Pourtant, l’Iran n’a pas beaucoup d’options pour l’emporter. Militairement, elle ne peut pas s’intensifier contre la machine de guerre israélo-américaine combinée. Ses seules options sont de se retrancher, dans l’espoir qu’un conflit de longue durée devienne économiquement trop douloureux pour ses ennemis, ou de s’attaquer à des cibles dites « souples » comme les sites énergétiques, les aéroports et les installations d’eau. Il ressort clairement de ses actions que la République islamique a choisi de frapper des cibles faciles et de se retrancher, dans l’espoir de survivre à l’assaut. En fin de compte, la République islamique considère que survivre est une victoire – même si la victoire s’accompagne d’immenses pertes.
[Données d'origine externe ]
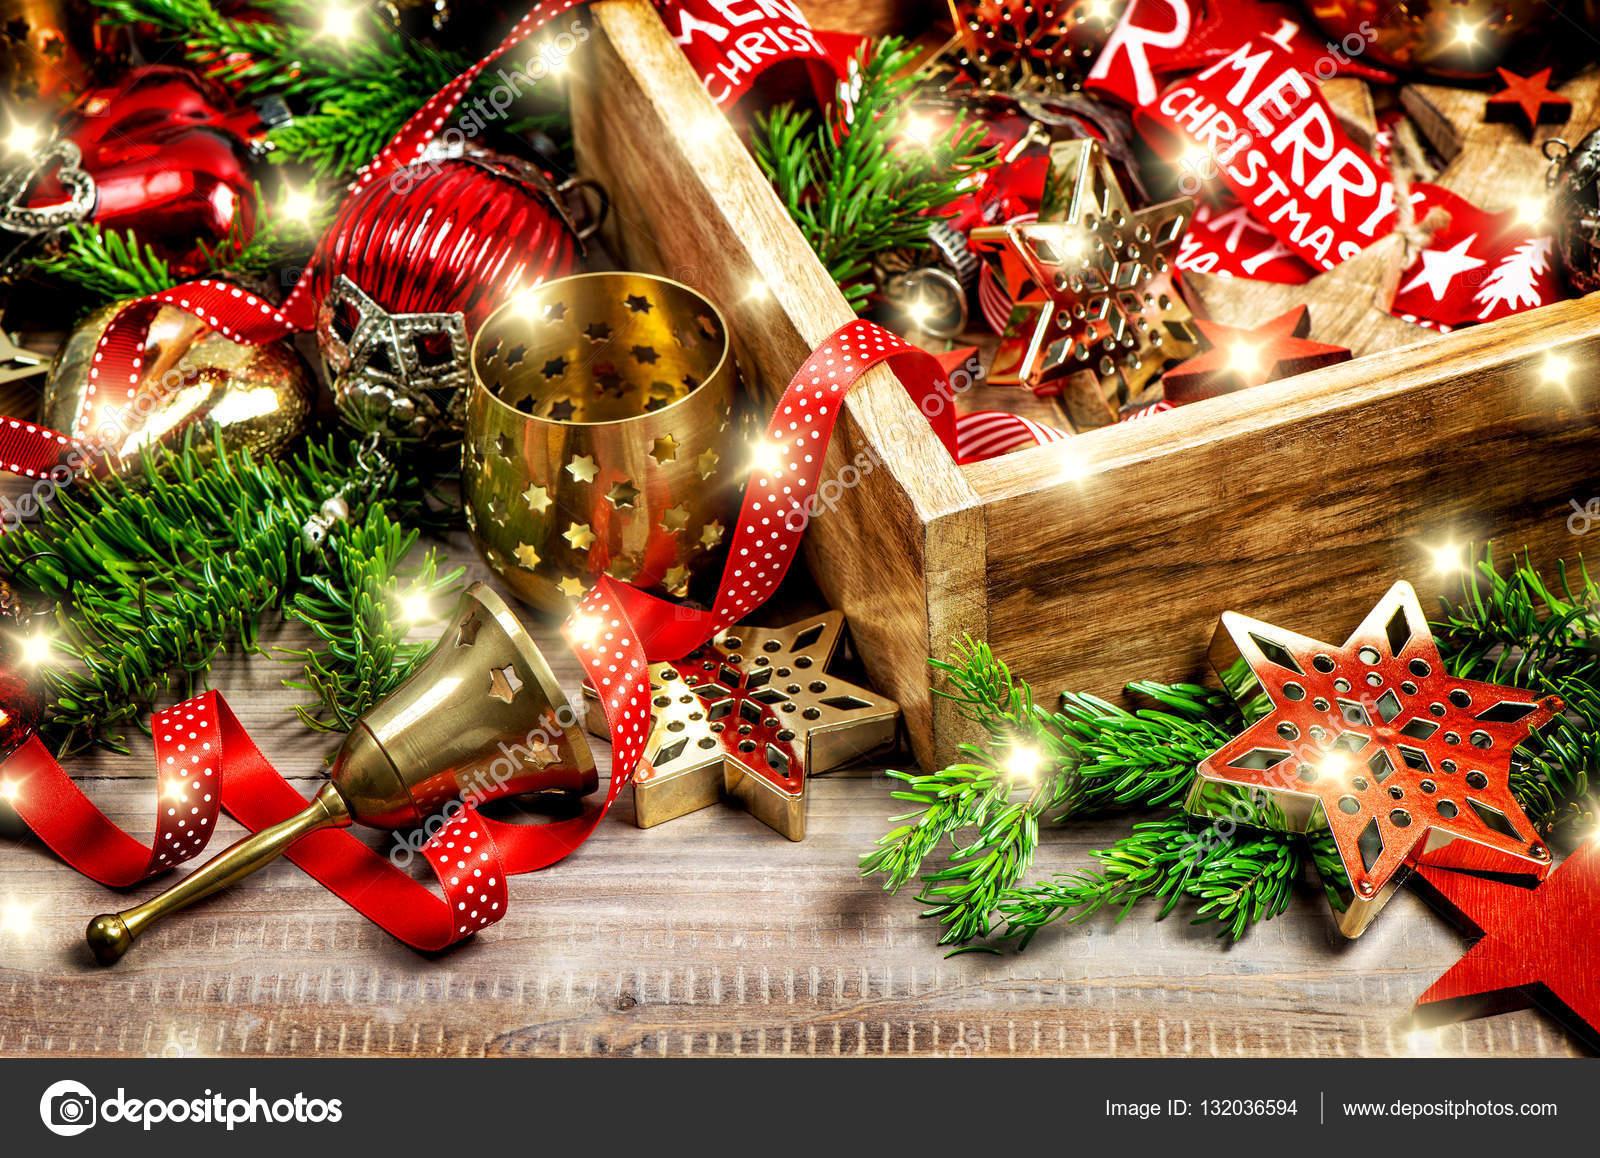 kerst verlichting decoratie ornamenten vintage stockfoto
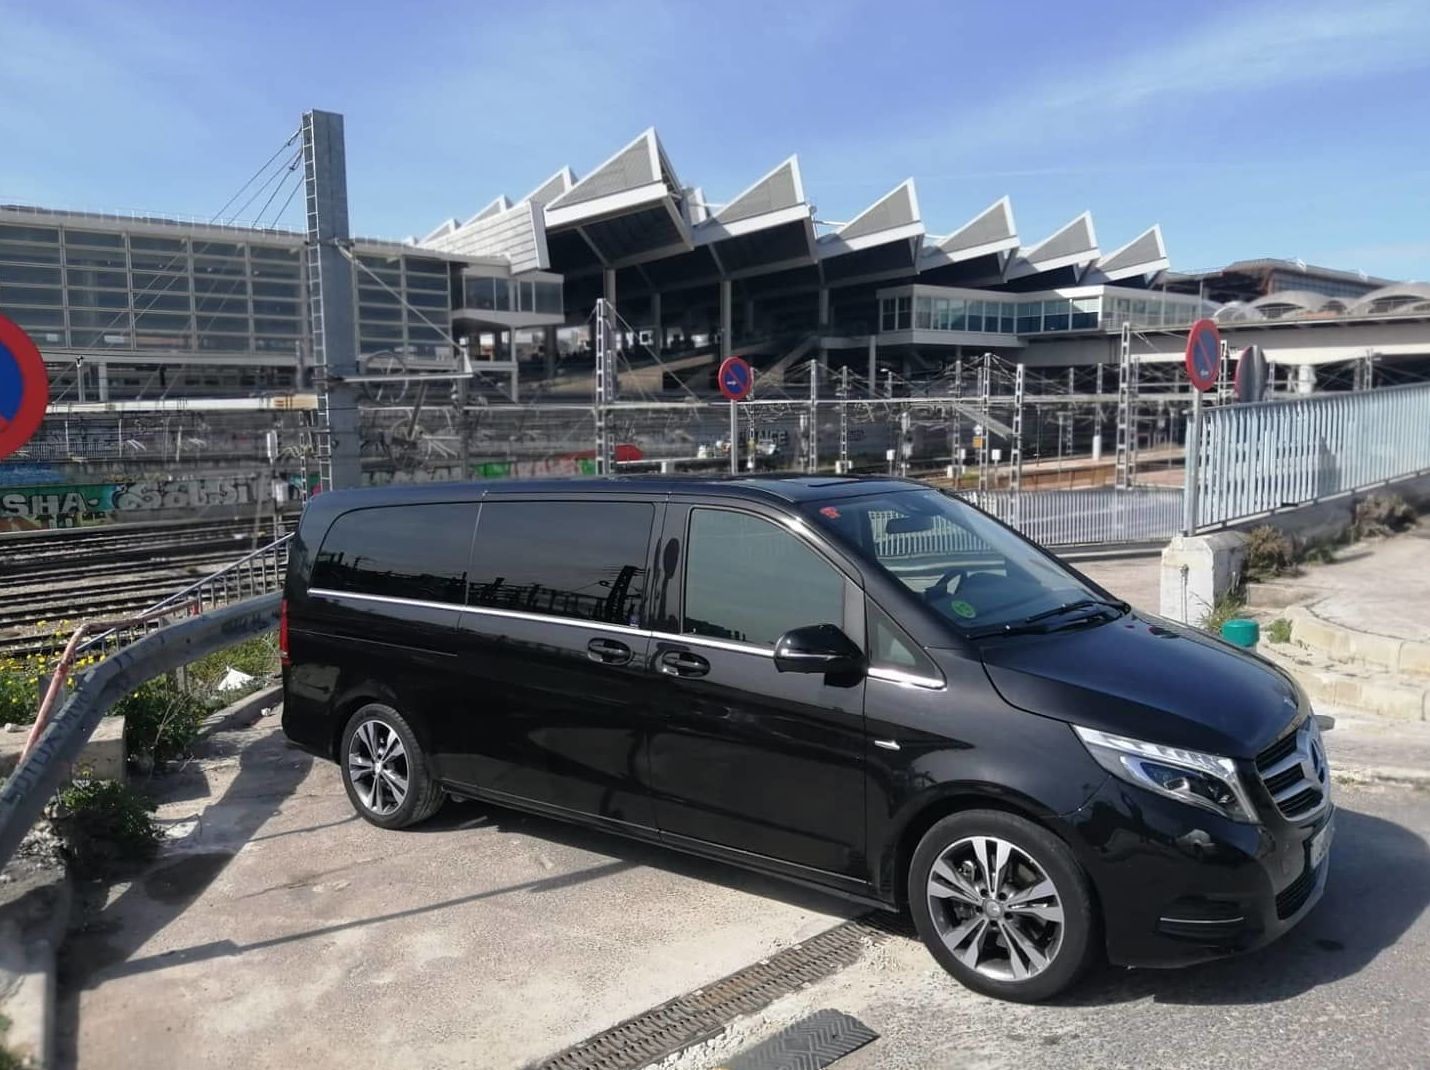 Foto 4 de Alquiler de vehículos con conductor en  | Candecar

Attaquer plusieurs de ces usines de dessalement mettrait les pays du Golfe Persique dans une situation impossible. En dehors des cercles militaires, les usines de dessalement d’eau du Moyen-Orient font l’objet de peu d’attention ; c’est presque un sujet tabou. C’est logique : il est difficile de croire que quelqu’un puisse délibérément cibler quelque chose d’aussi essentiel à la vie humaine.
Mais si nous avons appris quelque chose ces dernières années, c’est que l’impensable se produit. Vous souvenez-vous du bombardement par la Russie de la centrale nucléaire de Zaporizhzhia, dans le sud-est de l’Ukraine, la plus grande d’Europe ? Pire encore, l’histoire du Moyen-Orient nous enseigne que l’impensable s’est déjà produit en matière d’approvisionnement en eau. En 1991, les troupes irakiennes de Saddam Hussein ont délibérément ouvert les robinets d’un important oléoduc koweïtien, déversant ainsi le brut dans le golfe Persique. L’objectif était double : empêcher un débarquement amphibie des États-Unis et de leurs alliés pour libérer le pays, et polluer la mer dans l’espoir d’endommager les usines de dessalement saoudiennes voisines.
Espérons que la République islamique, se sentant acculée et luttant pour sa propre survie, ne recourra pas aux mêmes tactiques que son ancien ennemi juré, Saddam. Mais le risque est réel – que ce soit en ciblant délibérément des usines de dessalement ou par accident à cause d’un missile ou d’un drone égaré. Le pétrole est essentiel, mais l’eau est irremplaçable.